6

I have added several Horizontal Pod Autoscalers (HPAs) to a Kubernetes cluster. I want to monitor the number of replicas of each pod over time.

Does StackDriver have an option to monitor the number of replicas of each pod over time? When creating a metric I can't find an option that will allow me to do this.

MAcabot
  • 524
  • 5
  • 14

2 Answers2

7

I don't think you can count pods, but you can count containers. With a constant number of containers inside the replicated Pods and proper filtering, you'll get what you need.

While in Stackdriver go to Dashboard -> Create dashboard. Select the following settings:

Resource type: GKE Container
Metric: Uptime
Filter: (that's actually up to you, probably some label would work)
Group by: (use this if you want to have several lines on the chart at once)
Aggregator: count

What this does is basically gather all the uptimes of containers in your cluster, filter this data through your criteria, and count how many entries are left. This gives you the number of containers that were up at given time. When a container doesn't exist, there's no entry for it, so the number of entries is lower.

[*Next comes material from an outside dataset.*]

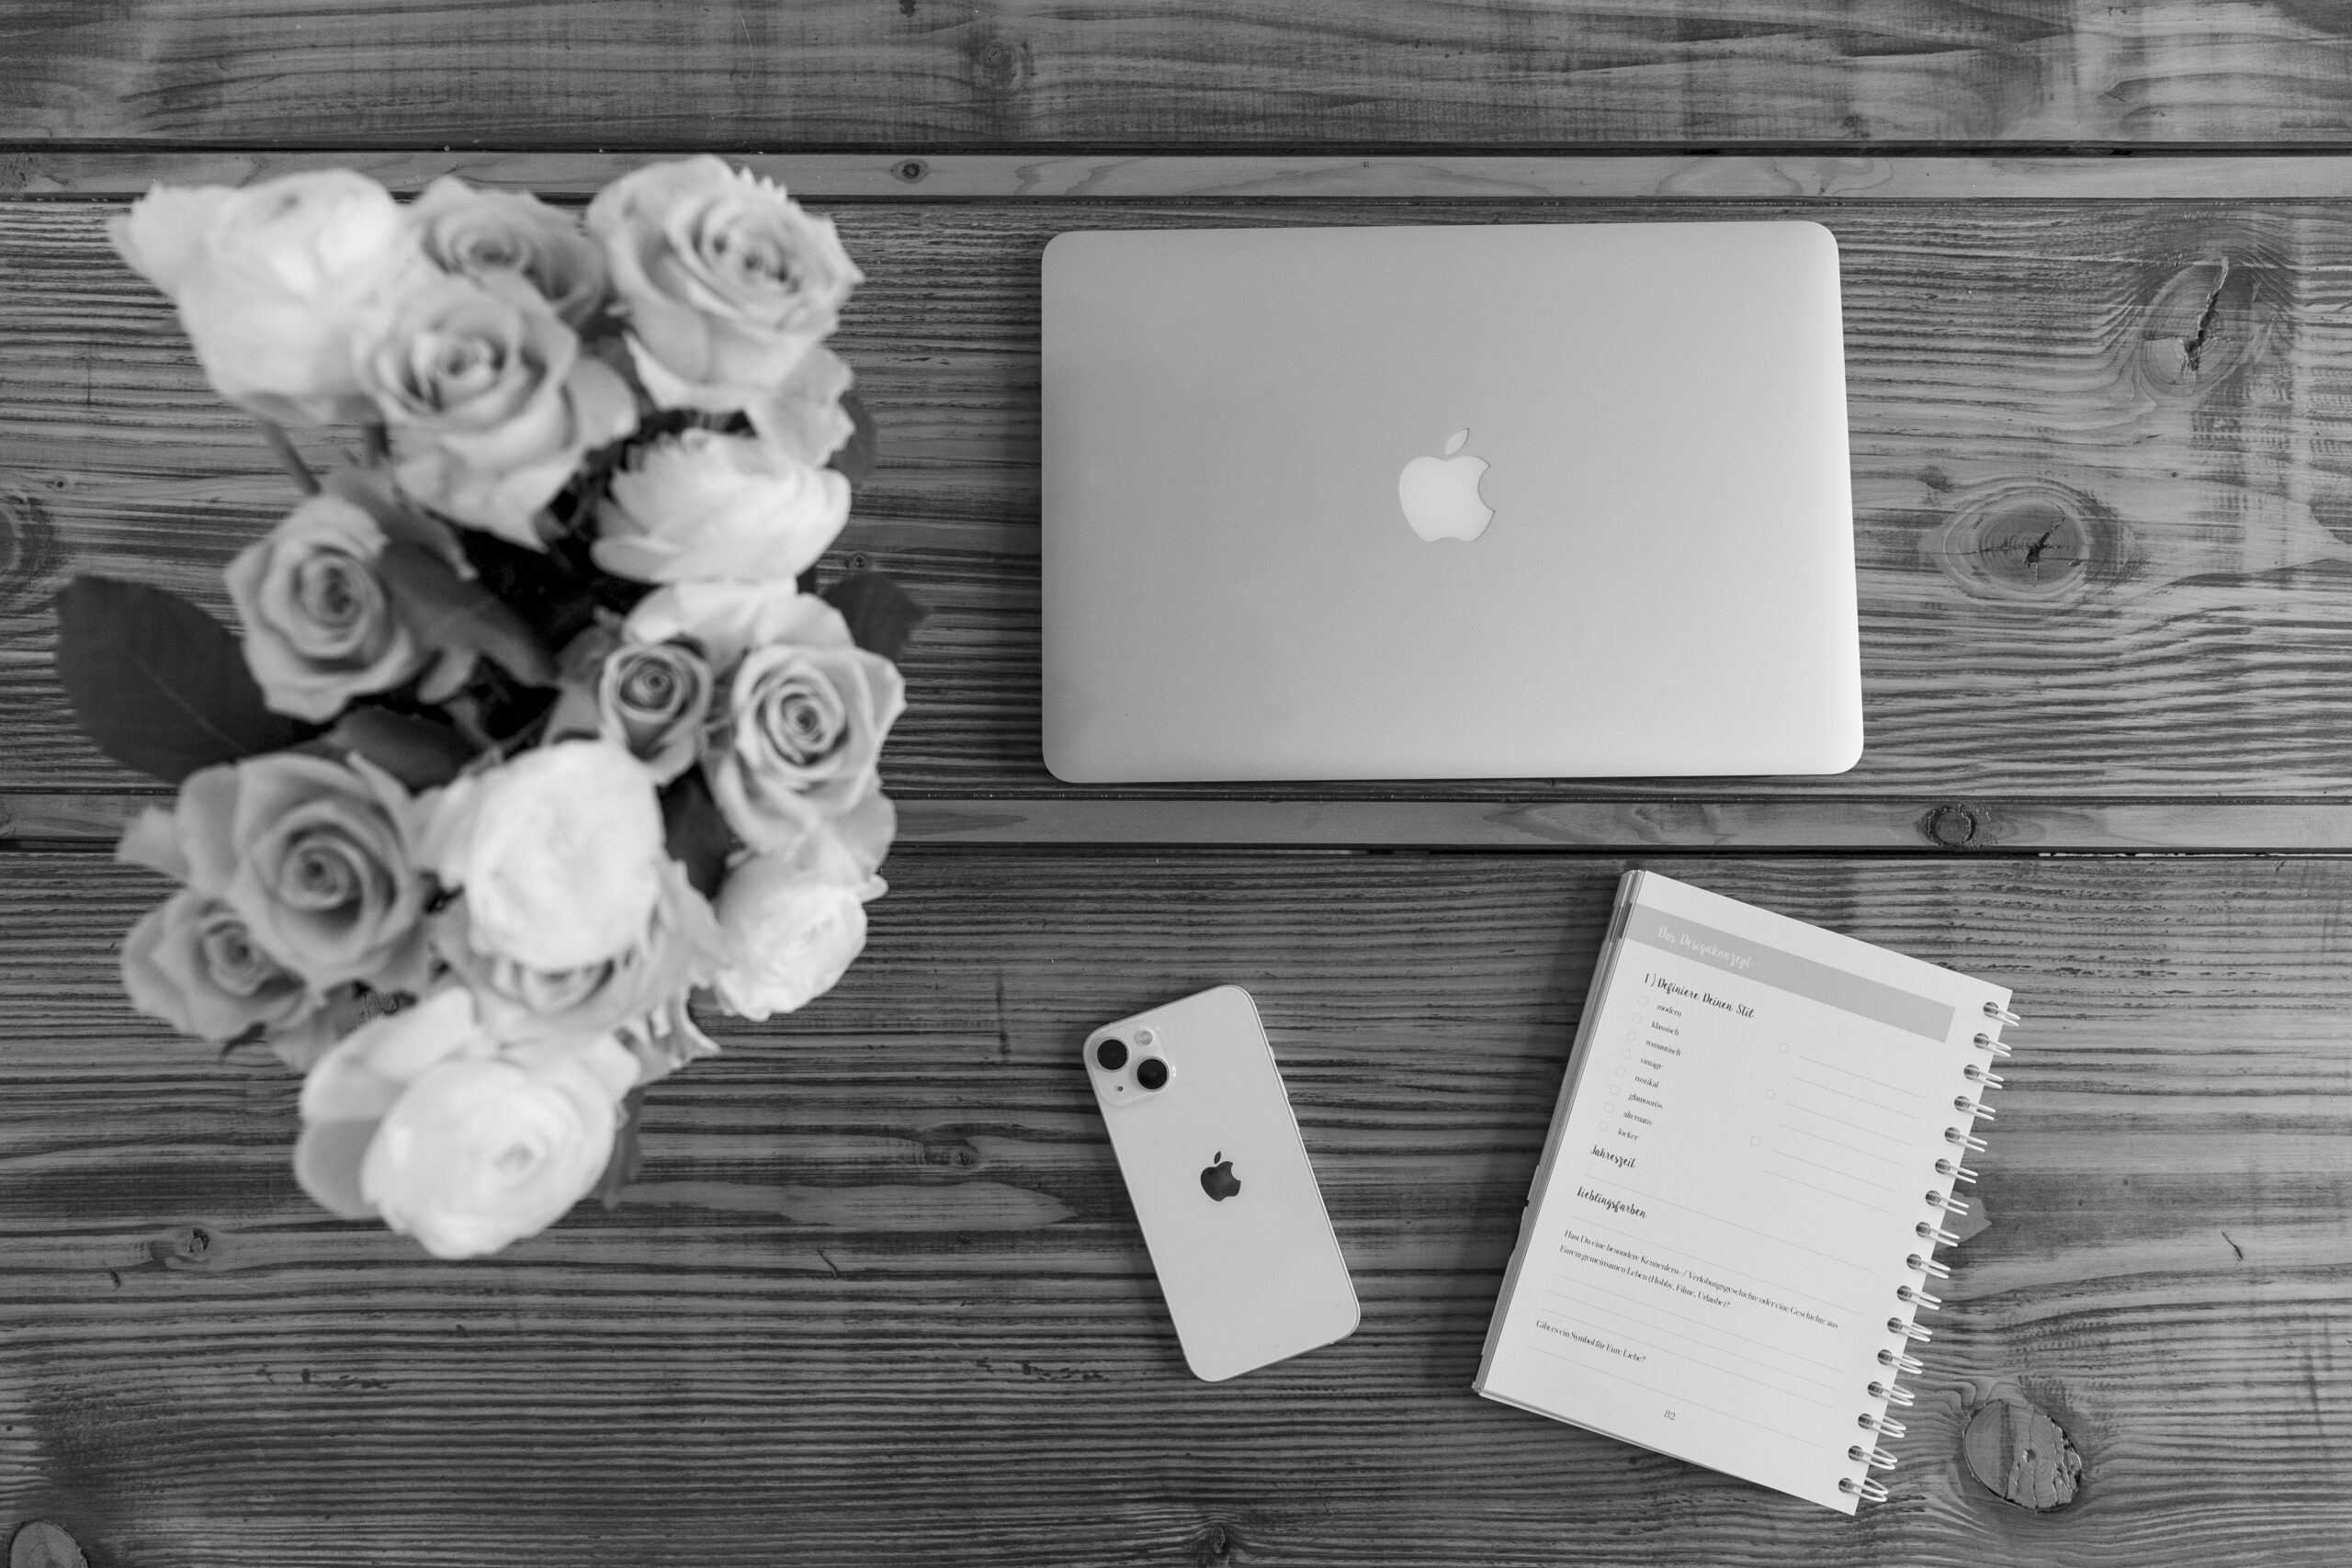 Arbeitsutensilien in schwarz weiß / MacBook und IPhone mit Blumenstrauß

If you have only one container per pod, then that's it. If you have more, just take that into account and divide the values on the chart byt the number of containers per pod.

example config

Maciek
  • 3,174
  • 1
  • 22
  • 26
  • hey can anyone help on this: https://stackoverflow.com/questions/56821181/gcp-stackdriver-logs-based-metrics-for-custom-payload-value – Anant Jul 01 '19 at 13:36
  • When I am using this metric as a basis for stackdriver alerting (alerts if it is < 1), stackdriver monitoring does not trigger. Do you know the reason for this? – LearnOPhile Feb 17 '20 at 10:47
  • The uptime metric has no data for me. But aggregating any other metric that can be assigned to a given pod also works. In my case I used the `Requst cores` metric – harryg Jun 28 '21 at 15:17
  • Any idea what it means if GCP dash shows GKE Container as an inactive metric? – Adam Hughes Nov 30 '21 at 19:25
  • 1
    Nice. But beware that once the graph is being aligned for larger intervals, it will sum the counts. (In GKE I could not find any combination of alignment function and group-by function to get me, say, the mean or max for whatever is the smallest period that is rendered, if that's what one wanted to see.) – Arjan Feb 19 '22 at 20:22
0

Similar to the answer above me but I used this parameters

Resource type: Kubernetes Container
Metric: Uptime
Filter: (that's actually up to you, probably some label would work)
Group by: (use this if you want to have several lines on the chart at once)
Aggregator: count
Ryan Clemente
  • 131
  • 1
  • 5